Most of these are decidedly _not_ natural; they are synthetic chemicals, several of them not especially good for living things. Dimethicone is a silicone based polymer: yes, silicone, just like the caulk. Silicone is _generally_ of low reactivity, but, as the unfortunate debacle with leaking silicone breast implants demonstrated, may not be all kittens and cupcakes when introduced directly into the bloodstream.
Equally worrisome is Polyacrylamide. This polymer downcycles to acrylamide, a troublesome little molecule that is, among other things, a nerve toxin and carcinogen. What's worse, "residual" unpolymerized acrylamide is always present in varying amounts in Polyacrylamide.
As a chemist, I'm consistently surprised at what I see on ingredient lists. But remember, __the FDA performs almost no oversight on cosmetics__, so in truth, it's all rather a gamble. Noticed that whole "zero trans fat" trend in food products? It's been known for _over 20 years_ that hydrogenated oils are profoundly damaging to the human body; junk food lobbyists kept the FDA from acting for over two decades.

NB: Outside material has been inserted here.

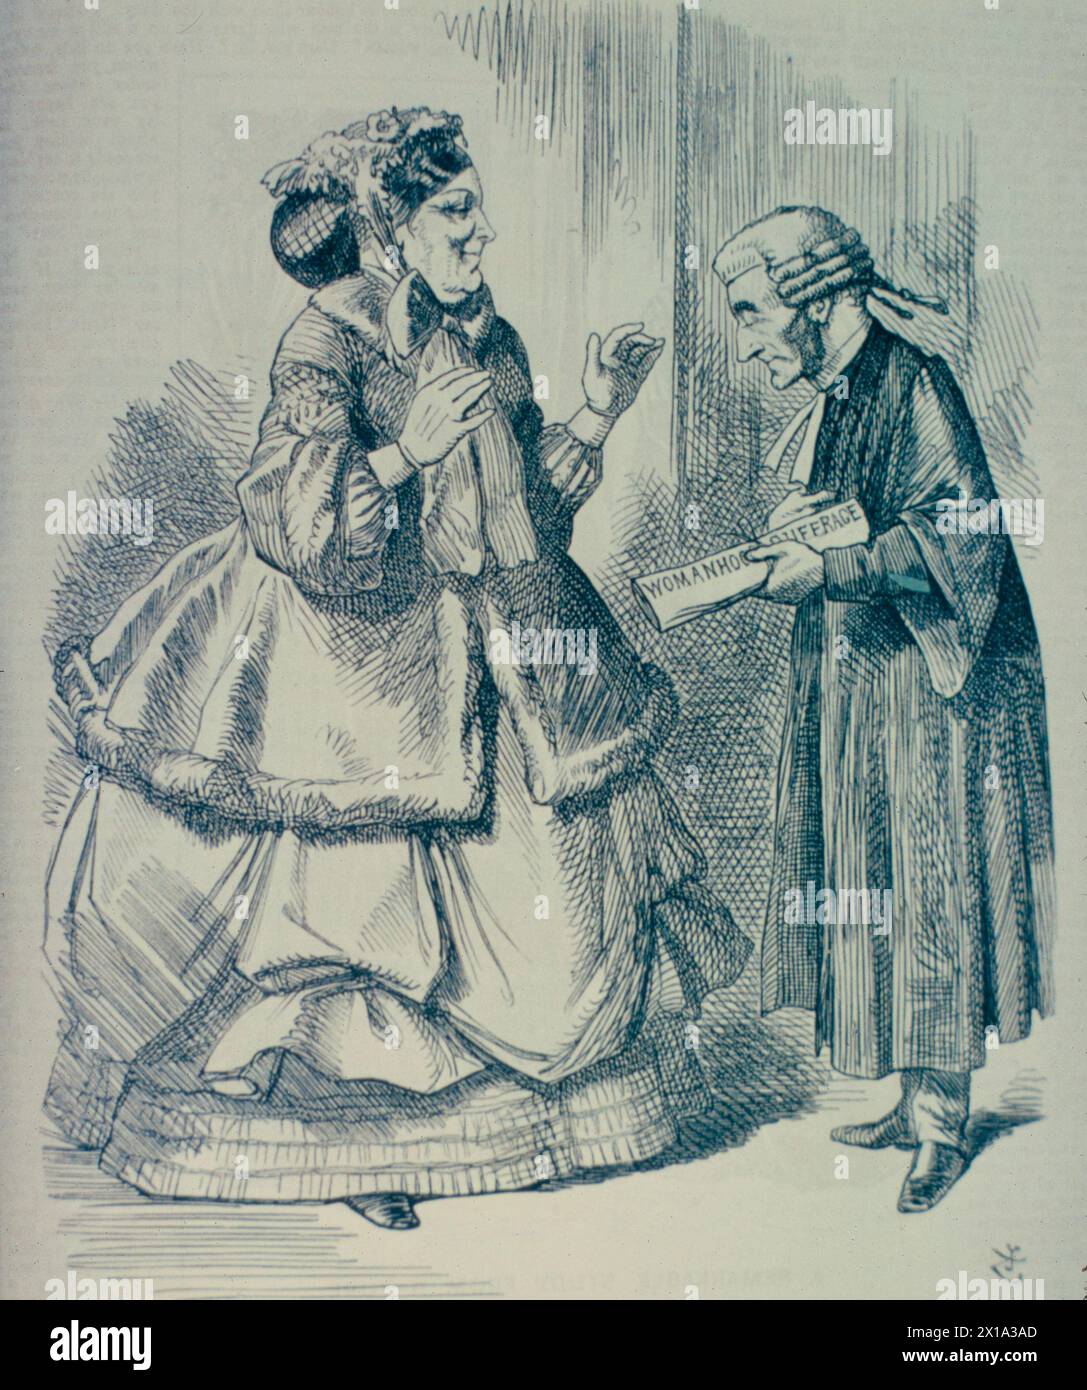 The Ladies' Advocate, caricature ridiculisant la défense des droits des femmes de John Stuart Mill, Angleterre 1867 Banque D'Images

Think someone's "minding the store"? Think that since something is on the shelf, it must therefore be safe? Think again.
That said, are chemical-laden face creams going to cause you to dramatically keel over dead in front of your mirror? Well no. But here's a word you can drop at your next cocktail party: Bioaccumulation. You're big sponges, darlings. While most of the millions of substances (natural and synthetic) that we take on board (ingest, inhale, absorb through skin, etc) every day are processed out, many of them accumulate in the body. And of those, there are some which will, inevitably, cause trouble. And when "trouble" in biological terms means "cancer" or "Parkinson's", etc., perhaps it would, after all, be best to err on the side of caution:
Shop organic when possible;
Avoid plastics and other off-gassers in the home as much as is practical;
and, when it comes to lotions and the like:
If you wouldn't _eat it_, don't put it on your skin.